So many intriguing, artistic, poetic, humorous, dramatic, and haunting self-portraits out there! I have been trying to keep track:
I tried. Yes indeed. I sat by the mirror, pencil and paper in hand, sketching and erasing and then erasing so much more. Just could not get it to come out in a way I felt was presentable. Then I tried using pastel crayons for an artistic flair, phone and other digital cameras for dramatic reality. I tried holding the camera up high, to the side, behind and in front of me. Yoga came in handy as I squirmed, twisted, and contorted my body for this exercise.
Finally, I decided to give up the artistic flair part and just share a few pictures to portray my self …
This is me, Tamarika of Rhodes, squinting into the sunlight and trying to smile. Am completely and absolutely hopeless at smiling for the camera. I see a graying haired woman in her later fifties with dark rings under the eyes, lines and wrinkles that share life’s stories gloriously and unabashedly.
If I look closely, focus deeper into the soul I remember a me of a different period lurking behind those wrinkly eyes:
See. Some of you might remember this picture from my old Tamarika blog. Same curled up into the sun eyes. Not trying to smile here. Reflective though – wondering what life is all about, learning to be a single Mom, facing the shattered dream of life without Trimurthi and a "broken home" for my beautiful son.
But as I search for the self I am trying to portray in old pictures that lurk behind the me of now, I always return to what an old friend of the family used to call, "Baba Tamar."

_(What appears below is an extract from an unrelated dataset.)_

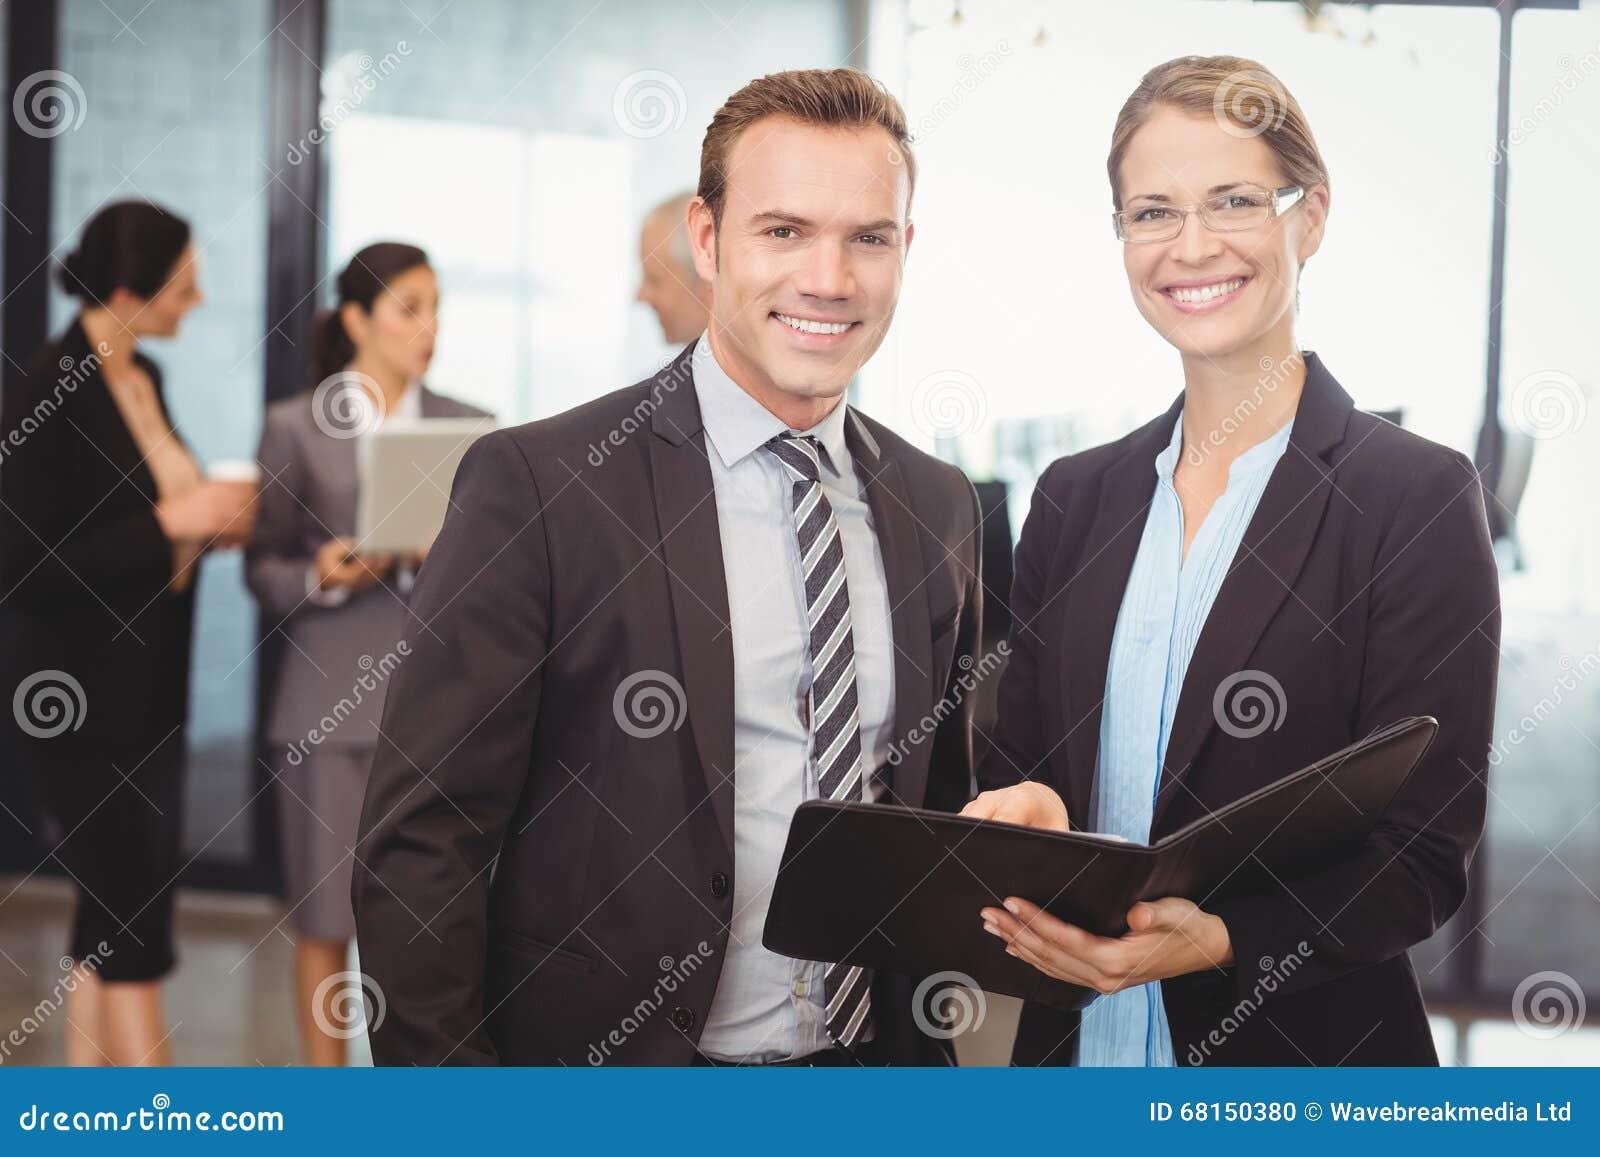 Site de rencontre des femmes d'affaires

For she lies within my soul behind all those curled up, squinting eyes, wrinkles, and angst. I see her as the core, essence of Tamarika, and the potential of what I could be, might still be (sometimes am): playful, ecstatic, joyful, bright eyed, humorous, clear, and not afraid to smile for the camera! (Hey! and do you see what I see? Those chubby cheeks and jowls of then are returning to my face of now) I often return to this picture and remind myself of what lies within. As I gaze at it I feel stirrings of that little inner child and I become quite excited, and impish, and feel confident enough to conquer the world!